There was no Nobel Prize during Gibbs’ lifetime, but Gibbs’ work that won him the Copley Medal is cited by 17 Nobel Prize winners as formative in their work in areas as diverse as Economics, Electromagnetism, Crystallography and Biology. His work did not come into wide use until the 1950s when rapid industrial expansion and scientific study ‘caught up’.
“Elementary Principles of Statistical Mechanics”, the textbook written from his work in 1902, is essentially taught unchanged to students of thermodynamics to this day. Any engineer that learns the basics of unit operations (heat transfer, mass transfer and energy transfer) is beholden to Gibbs.
But Gibbs remains relatively unknown. Part of it had to do with his very quiet nature. He wasn’t a self-promoter, and while pleasant to his students, he rarely had any that could fully understand his work at the time, so he tended not to have many. Never married, no scandal and liked quietly off the inheritance of his parents that both died relatively early in his life.

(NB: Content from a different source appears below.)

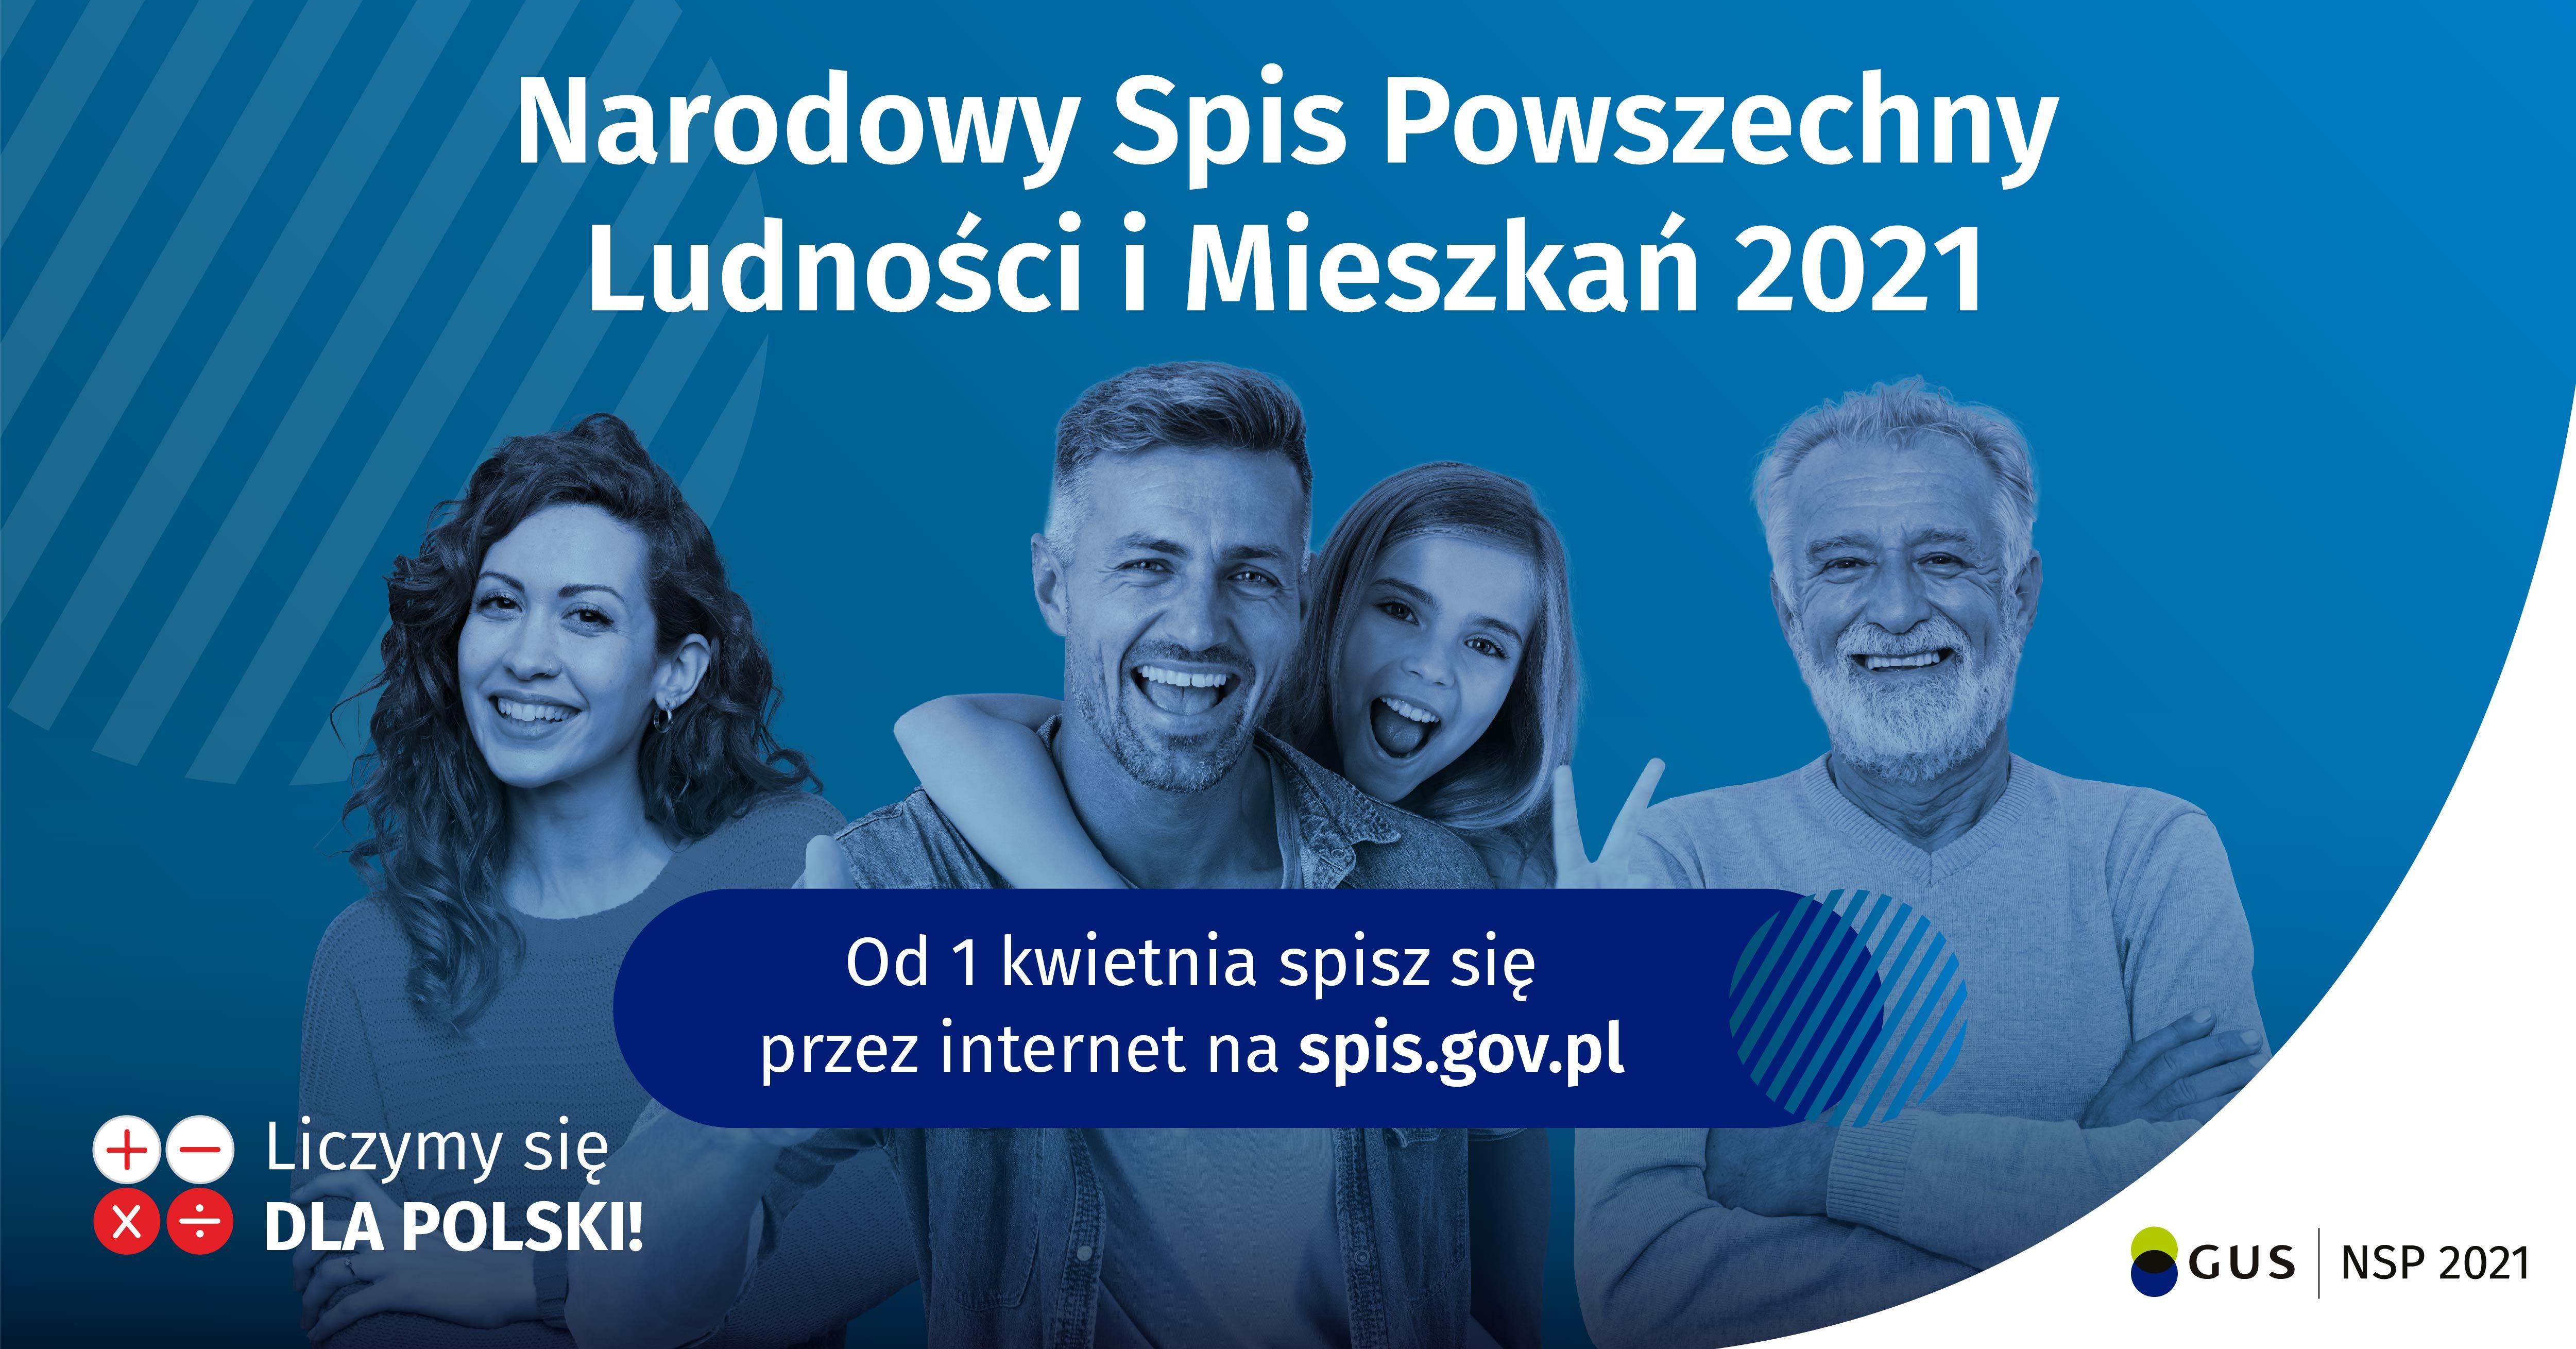 Spisz się przez Internet - Narodowy Spis Powszechny Ludności i Mieszkań 2021

Other than one brief trip overseas (3 years in Europe with his sisters), he lived his entire life in New Haven Connecticut, and taught at Yale College for is entire career (the first half unpaid).
So he definitely could have used a publicist. If he did, maybe today we would have many people asking the appropriate hard questions of climate change deniers, and those that try to sell us on ‘clean coal’ or carbon capture and storage systems which are not thermodynamically sound. We can solve climate change, an area I have been working in since 1988, but we can’t do it without following the four laws of thermodynamics. So it would be nice if we focused on the real things that we can do (often boring) and not focus on those that are imaginary (such as a perpetual motion machine).